Privacy and Compliance

Researching founders and companies raises privacy and compliance questions, especially in regulated markets like finance. To address this:

  • Use public data only: Agents should only access publicly available information (LinkedIn, news, SEC filings, etc.). No scraping private databases.
  • Comply with regulations: Understand SEC marketing rules if you're an investment adviser. Some research practices may require disclosure.
  • Data retention: Store agent outputs securely and delete them according to your data retention policy.
  • Audit trails: PADISO's security model logs all agent activity for audit purposes.

Agent Reliability

What happens if an agent crashes or gets stuck? PADISO's orchestration layer includes:

  • Automatic retries: If an agent fails, retry up to 3 times with exponential backoff.
  • Timeout handling: If an agent exceeds its time limit, terminate it gracefully and escalate.
  • Fallback agents: You can define backup agents that run if the primary agent fails.
  • Human escalation: If agents fail repeatedly, automatically escalate to a human reviewer.

Scaling Beyond Three Agents

Once you've validated the three-agent architecture, you can expand:

  • Add a financial analysis agent: Pull cap table data, burn rate analysis, and unit economics from company filings and databases.
  • Add a technology assessment agent: Evaluate the company's tech stack, architecture, and technical risk.
  • Add a team analysis agent: Research the full founding team, not just the founder. Look at co-founders, early hires, and advisors.
  • Add a customer research agent: Identify and research existing customers, gather case studies, and assess customer satisfaction.

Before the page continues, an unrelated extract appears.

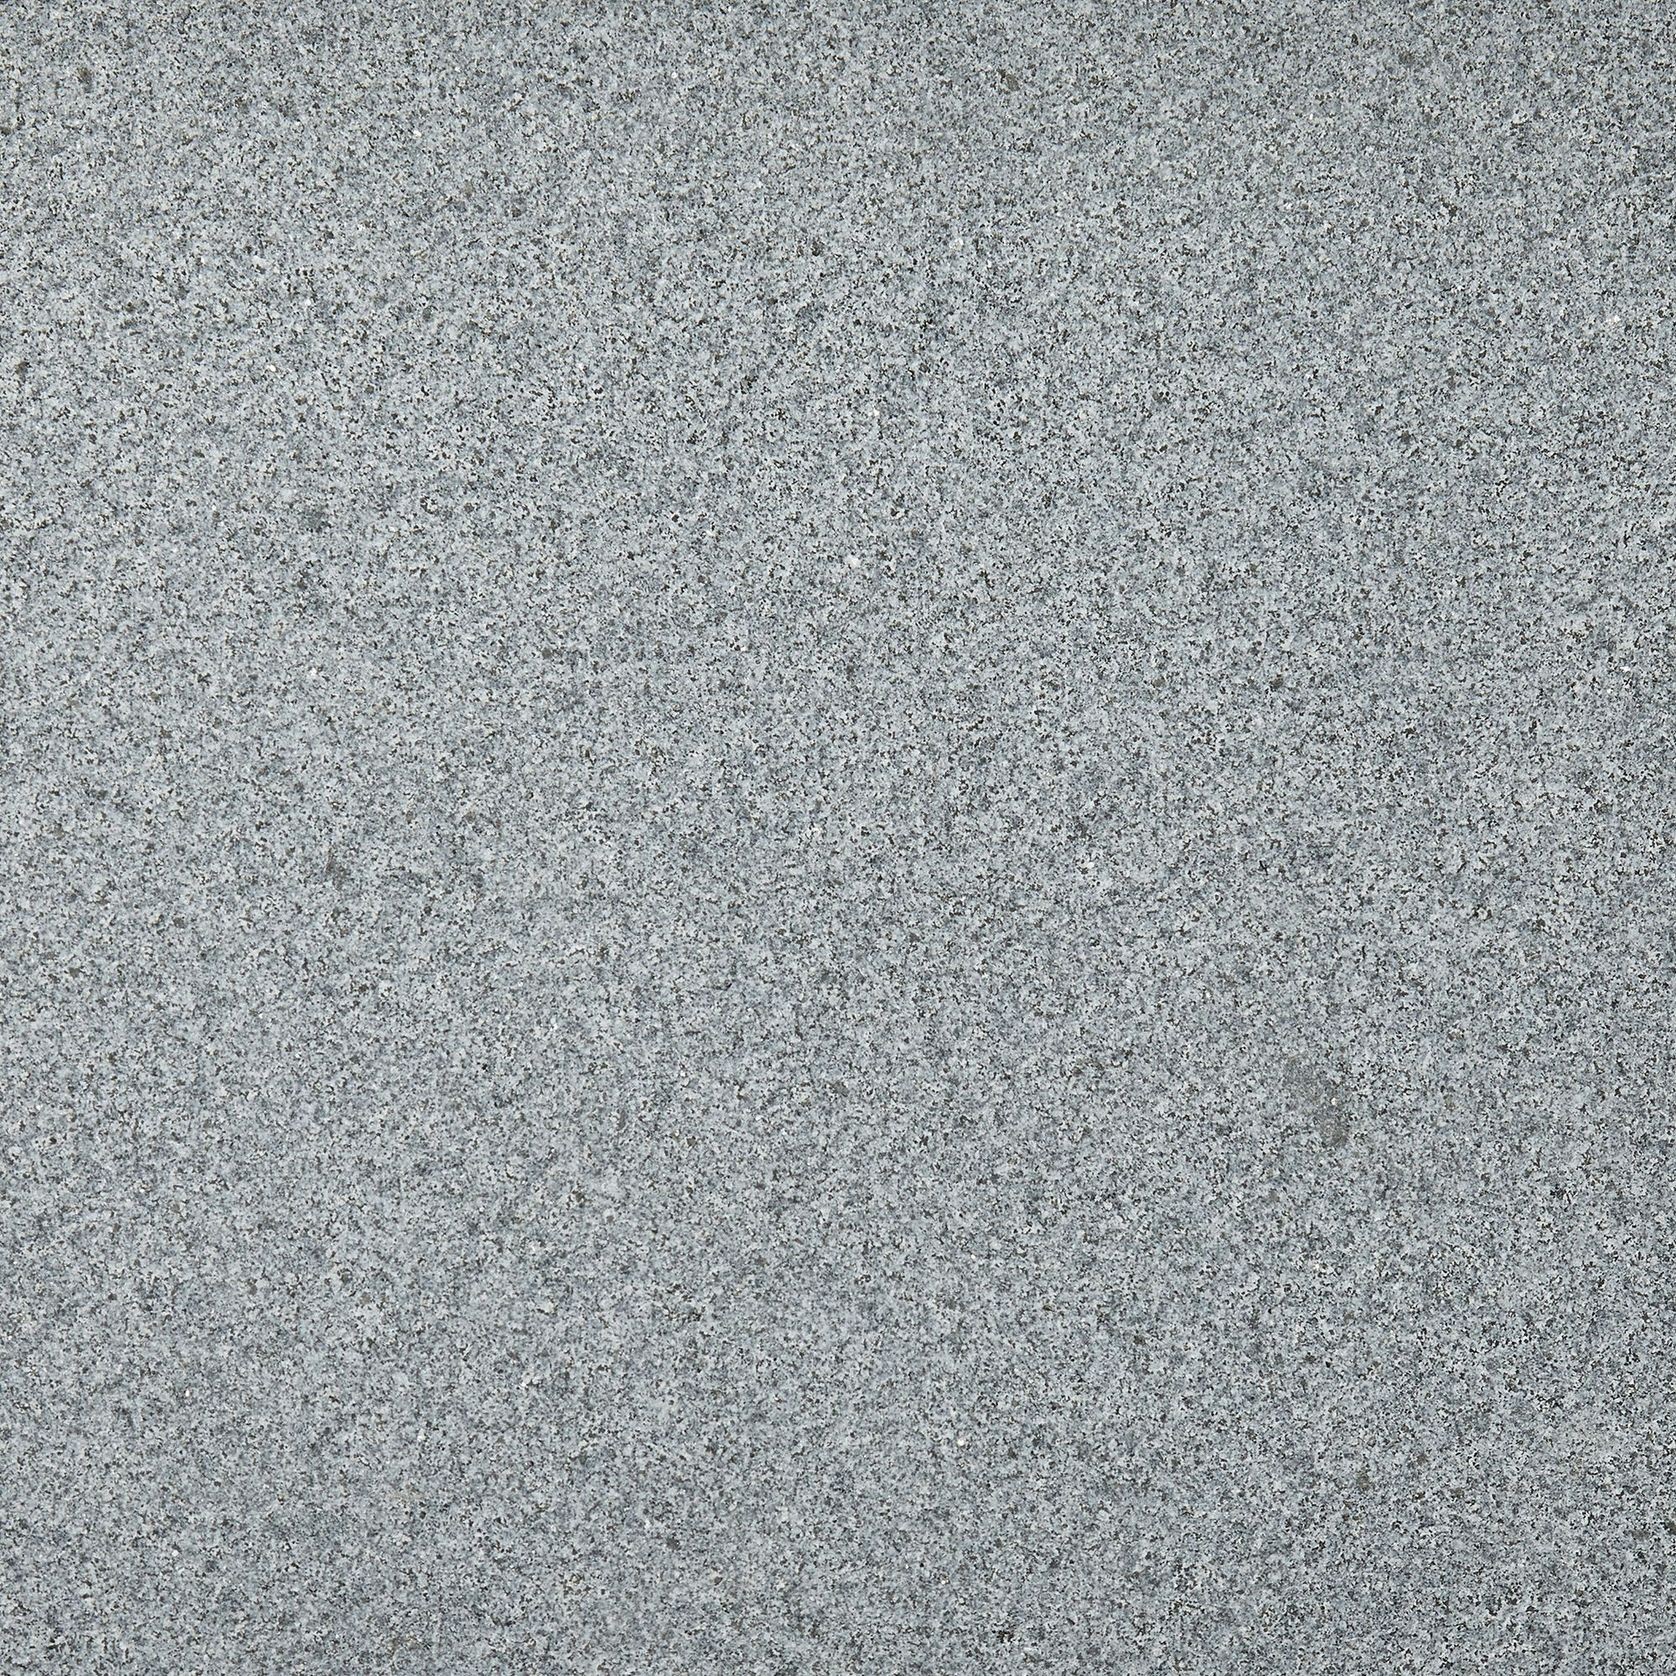 Silhouette Granite gallery detail image

Each additional agent adds 30-60 minutes to total diligence time but provides exponentially more insight. A five-agent team can complete comprehensive diligence in 4-6 hours.

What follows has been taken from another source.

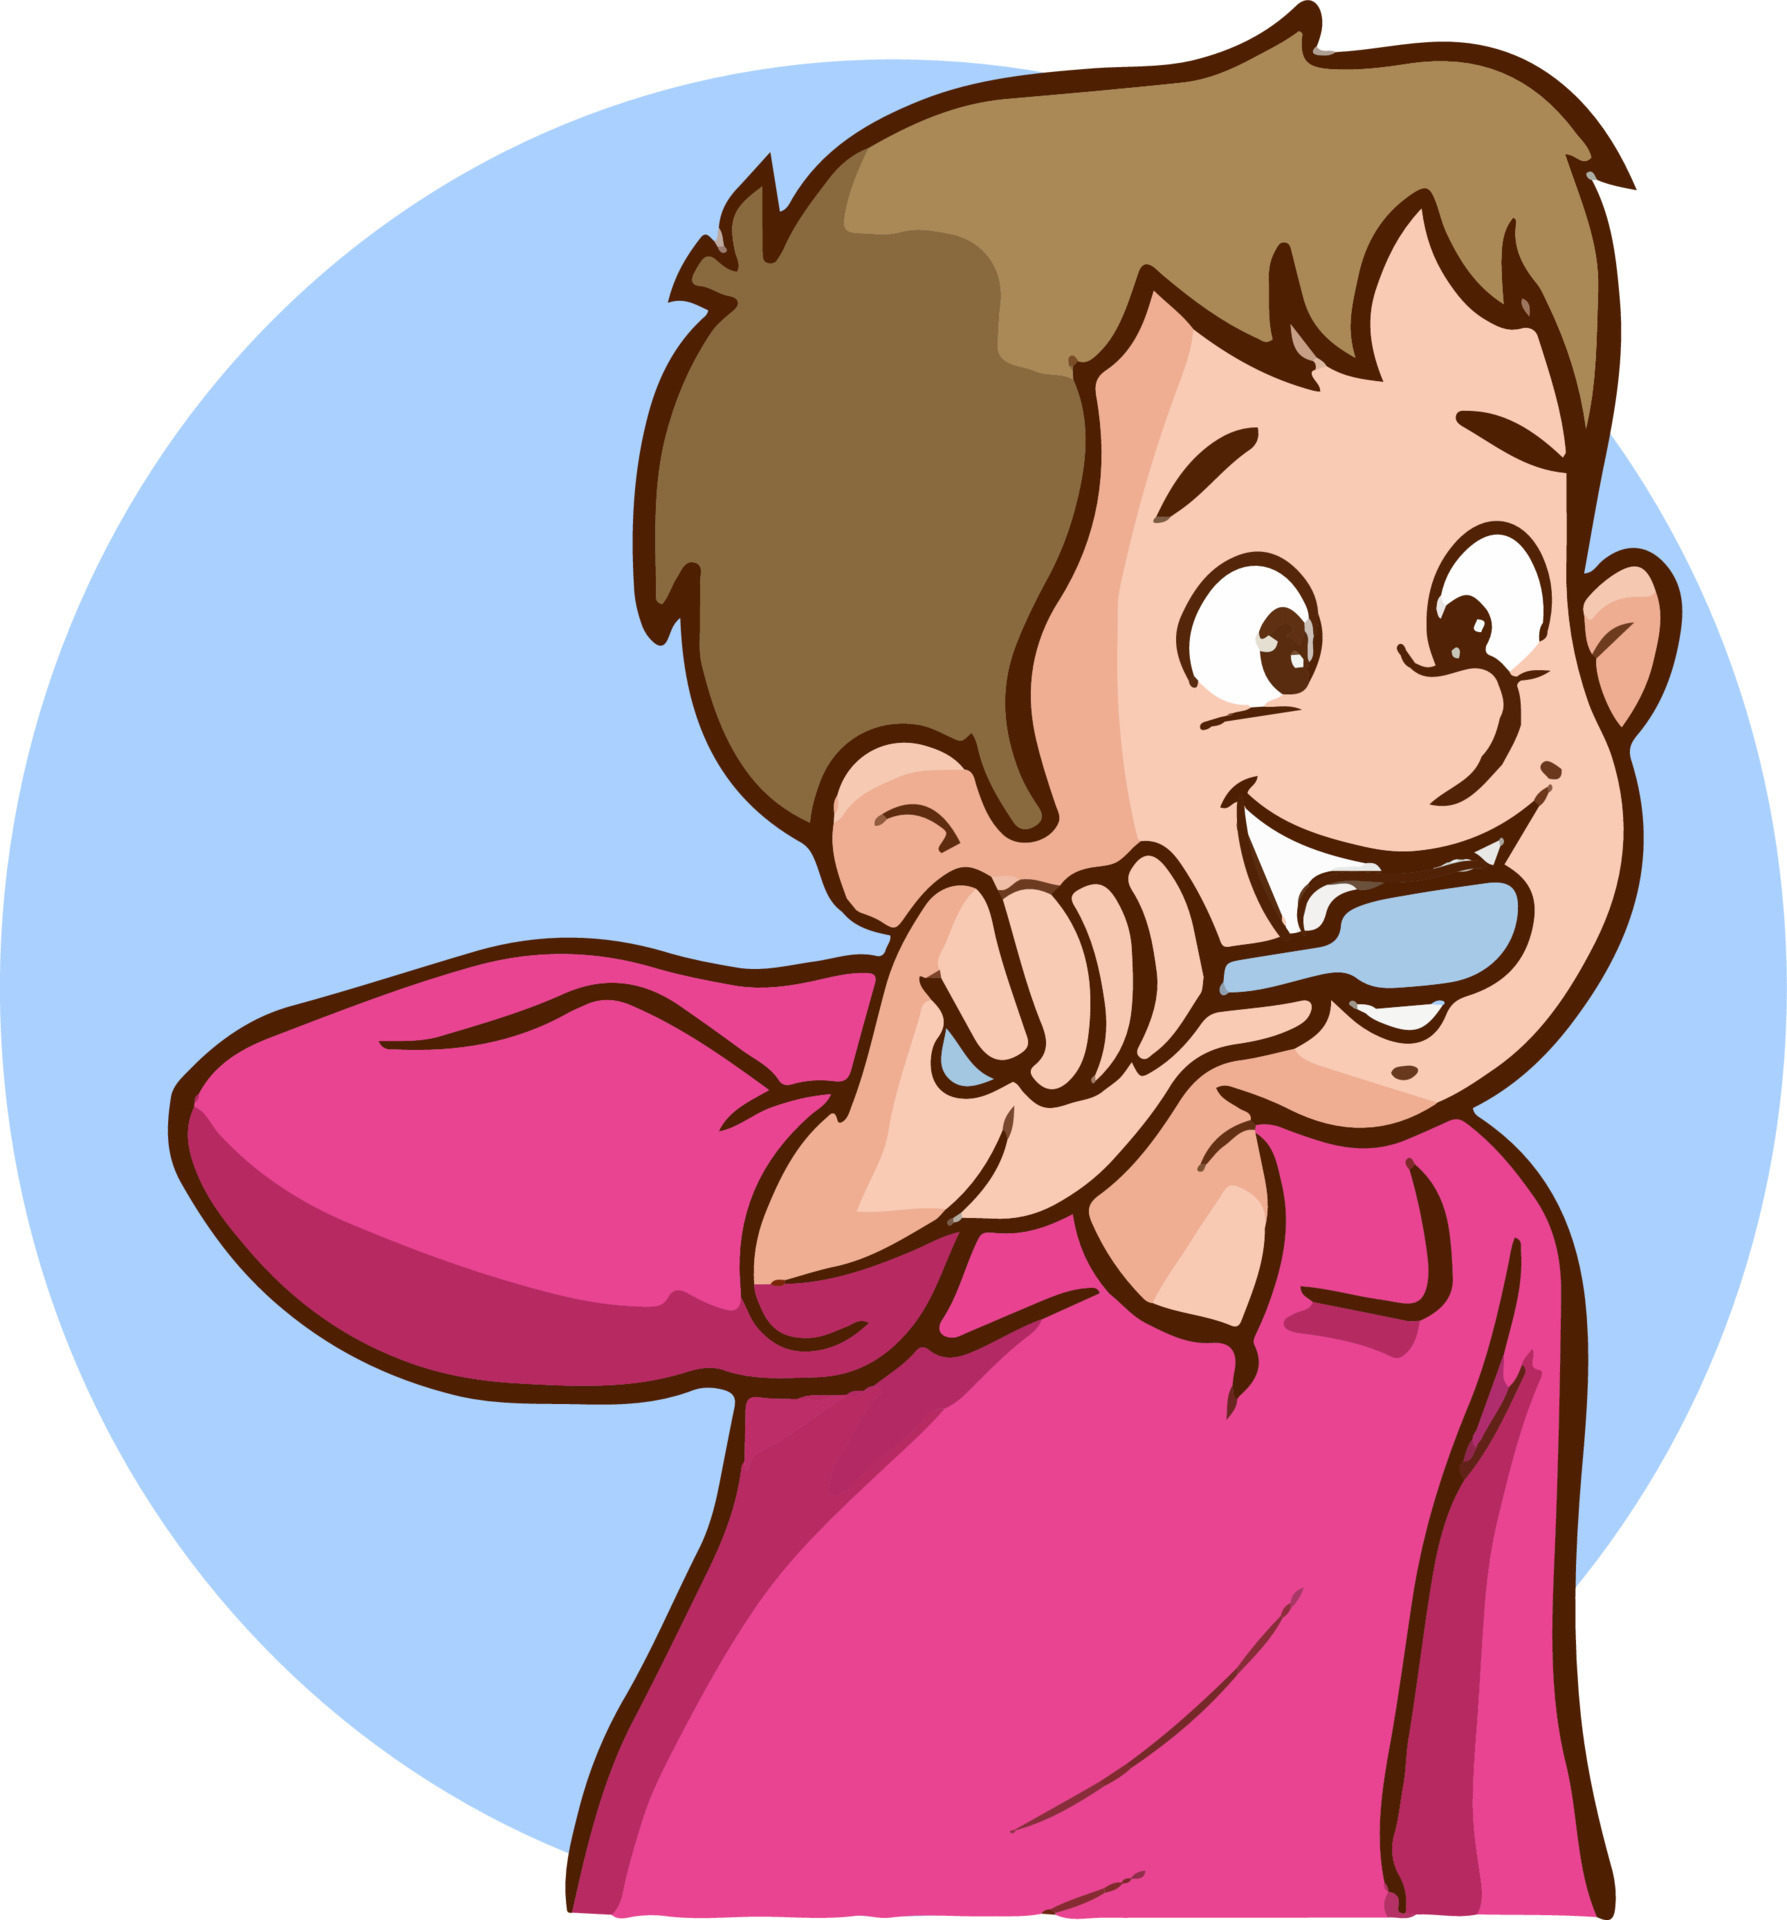 Cute Little Boy Brushing Teeth ilustración de stock 471511817   Shutterstock

The orchestration scales linearly. PADISO's pricing model charges per agent execution, so adding agents increases cost proportionally but doesn't add operational complexity.

Competitive Advantage: Why This Matters Now

Venture capital is moving fast. Firms that can evaluate deals in days instead of weeks have a structural advantage. They can move faster than competitors, respond to founder preferences quicker, and spot trends earlier.

Agent teams aren't a replacement for human judgment. They're a force multiplier. Partners still make the investment decision, but they make it with better information, faster. Analysts spend less time on grunt work and more time on analysis and relationship building.

For firms managing large portfolios or running portfolio support operations, agent teams are also operational leverage. An agent can monitor portfolio company metrics, flag risks, and identify upsell opportunities 24/7. That's something no human analyst can do.

Getting Started

Building a research agent team isn't a moonshot. It's a practical engineering project that takes 2-4 weeks from concept to production.

  1. Start small: Begin with the founder research agent. Get it working, test it on 10 historical deals, and validate the output quality.
  2. Add the second agent: Once founder research is solid, add market research. Test the two-agent team together.
  3. Add the third agent: Once you're confident in the first two, add reference outreach.
  4. Monitor and iterate: Run the team on new deals, collect feedback from partners and analysts, and refine prompts and tool access.
  5. Scale: Once the core team is solid, expand to additional agents or additional use cases (portfolio monitoring, sourcing, etc.).

PADISO's documentation includes templates and examples for building agent teams in venture capital. The platform handles the orchestration, monitoring, and scaling. You focus on defining agent behavior and integrating with your tools.

The future of venture capital is agent-assisted diligence. Firms that build and deploy agent teams now will have a significant advantage over those that wait. The economics are clear, the technology is mature, and the use case is proven.

Start with research agents. Expand from there.